Austin, a love song.

I’m a pretty odd guy. I don’t know if you can see that from the street, but I don’t really feel too much like a peg that fits in this hole world. I’m cool with it. Y’know, I figure I’m old enough to be comfy in my skin.

Austin is a place where that kinda thing is okay. We met some of the coolest people – many of them in cabs. That’s the great thing in a town full of artists, our waiter at the Old Pecan Cafe was half an actor and Denise Jaunsem drove us from the Driskill to the University. I sat at the Kismet Cafe checking out her wonderful paintings on a tiny phone screen.

Right around the corner was a street artist, and I’ll send you to my wife for the details. She’s got the pictures and the story.

We got to see and speak with Billy McLaughlin, who was one of those folks who was actually doing this making music thing when I was thinking about it in the beginning. He got me brave…and that was before he lost the use of his hand. Check out the link, it’s a pretty amazing story. I think he’s coming to the North Chicago Suburbs in Oct ober and I’m going to try to talk him into coming to St Charles, Naperville or Aurora next year if I can.

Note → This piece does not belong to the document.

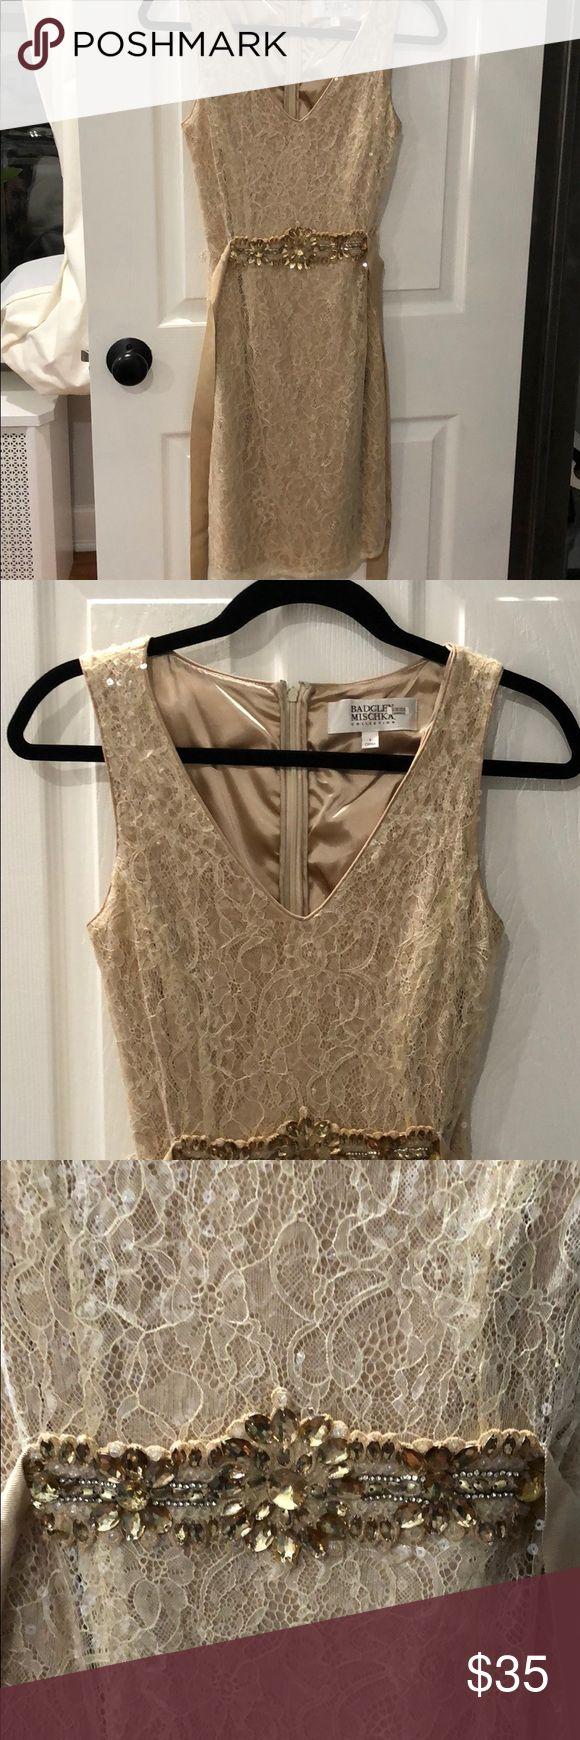 Badgley mischka beige sequin dress with belt. Badgley mischka beige sequin cocktail dress with embellished belt. Size 6. Perfect condition. Badgley Mischka Dresses Midi

But back to the first paragraph. I’m odd. I’m displaced much of the time and when you feel that way – whether it’s true or not – you are. The things you believe you make true one way or another. I tend to think I’m out of place, so I am. Austin is a place for folks who feel like I do. Folks who feel like we do. I mean it. It’s that platonic rift that almost everyone must feel and have felt as far back as we can imagine. We are the other. We are trapped in our own stupid skins and we keep trying to connect through sex or argument or sharing of ourselves and we remain in our skin; self contained; autonomous and isolated.

This is getting long and pretty far away from me. I love Austin for allowing us to be these insular molecules , bouncing off each other, forming bonds, splitting in some violent way and ultimately colliding again. I love to see a city stand as tribute to that rugged individualism that transcends your haircut and examine the real cut of your cloth. We are going to always share our pain and our joy alone. Even loved well – it has to be that way. We have to never really understand another person as a sum of their experiences.  We have to be a person by definition of the idea of a person and as a precursor to becoming persons as a collective.

It’s the body as metaphor for this human condition. I love it and I love Austin for somehow lending this strength.